TORONTO (June 19, 2006) — GMAC recently took first place in dealer satisfaction in retail leasing and floor planning, while BMW Financial Services grabbed the top rank in retail credit for the second consecutive year, according to J.D. Power and Associates 2006 Canadian Dealer Financing Satisfaction Study.

To compile the study, J.D. Power executives looked at satisfaction rankings under retail credit, retail leasing and floor planning. As for the two highest ranked companies, BMW Financial Services Canada captured 912 index points, out of 1,000, to take top marks in the retail credit category. Meanwhile, GMAC walked away with a score of 889 in leasing and 932 in floor planning, earning the top place in both categories.

While captives have maintained their dominance in the dealer financing satisfaction rankings, J.D. Power discovered that banks made “considerable” improvements to narrow the gap. However, independents performed less favorably within the area of retail leasing.

Throughout all providers, J.D. Power said the focus on improving the people and process areas of their businesses has become a higher priority. For instance, in the area of retail credit, six out of 12 providers displayed significant improvements within the personnel and procedure areas, as compared to no significant improvements found in terms of offerings, company executives explained.

“This phenomenon demonstrates that good people and execution of process make the difference when meeting and exceeding dealer expectations,” pointed out Rohan Lobo, manager of syndicated automotive research products at J.D. Power. “It takes more than just favorable rates and terms to achieve satisfaction.”

Continuing on, the study found that the overall relationship of providers with their dealers has dropped slightly, particularly for captives and independents. On the other hand, perceived satisfaction with the relationship banks have with their clients has increased, driven by improvements in the sales and service/support areas. Company executives said the erosion is driven by the area of general relationship rather than by performance of the sales staff.

Canadian dealers told J.D. Power that retail credit remains the most important area of dealer finance. However, due to softer vehicle sales and rising interest rates, the importance of retail leasing has climbed significantly compared to last year, executives noted.

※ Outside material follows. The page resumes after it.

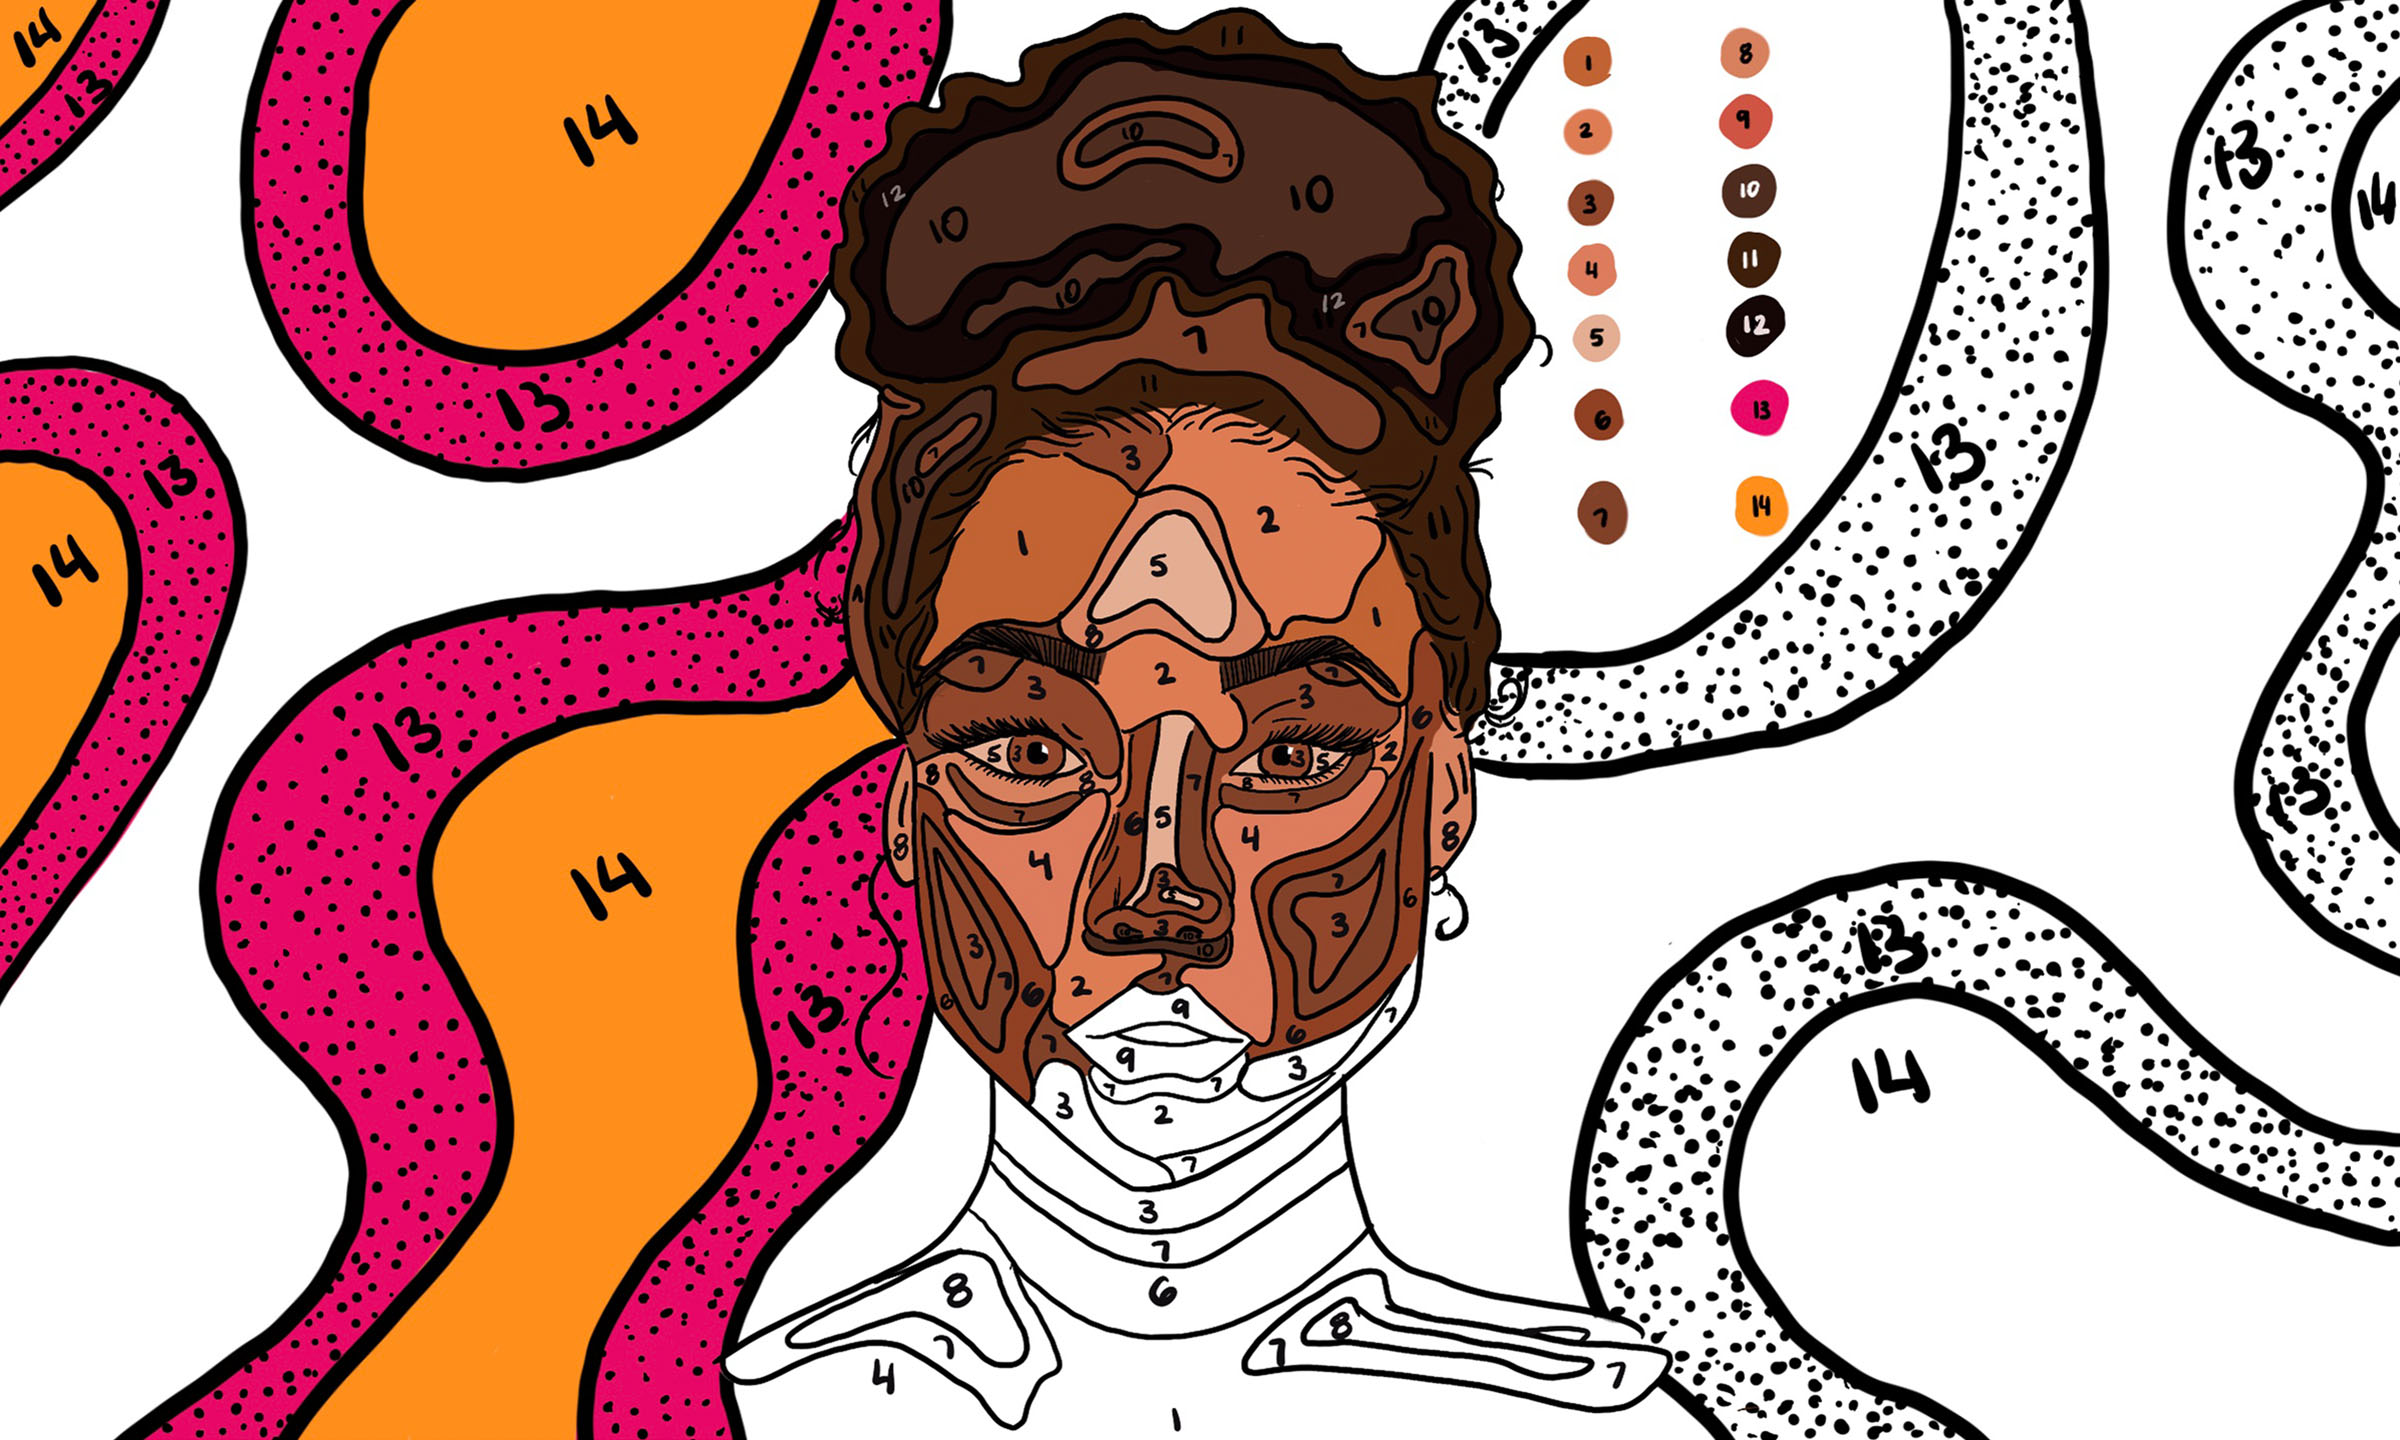 An illustration of a woman depicted in a paint-by-numbers fashion, with half of her face colored in and half not — a metaphor to describe the lack of information some providers have with patients and prescriptions.

The study reported that 40 percent of dealers cite retail leasing as the most importance finance area, up from 32 percent in 2005. In contrast, the importance of retail credit has fallen, with 44 percent of dealers citing it as the most important area, down from 50 percent in the prior year.

“Rising interest rates have pushed the cost of vehicle ownership up, and dealers have turned to leasing as a more affordable way to get consumers into new vehicles,” Lobo said. “For example, in the price-sensitive province of Quebec, the importance of leasing is the highest it has been since the inception of the study in 1999. While the resurgence of leasing is seen across all franchises, it is particularly true for some of the entry-level franchises, such as the Korean brands.

“The proportion of these dealers for whom leasing is the most important area for financing new vehicles doubled to 26 percent in 2006,” he continued. “This is a complete reversal of the trend we saw in 2005 when aggressive financing programs and low interest rates fueled the attractiveness of retail credit.”

In other findings, the study reported that the Internet portal business has expanded with the addition of RouteOne. In the past, this arena was dominated by two companies — Curomax and DealerAccess.

“Currently used by only a few franchises, RouteOne has made important inroads in dealer usage, and it will be interesting to watch how this changes the dynamic of the industry,” Lobo concluded.

J.D. Power said its study was based on responses from 1,380 new vehicle dealers.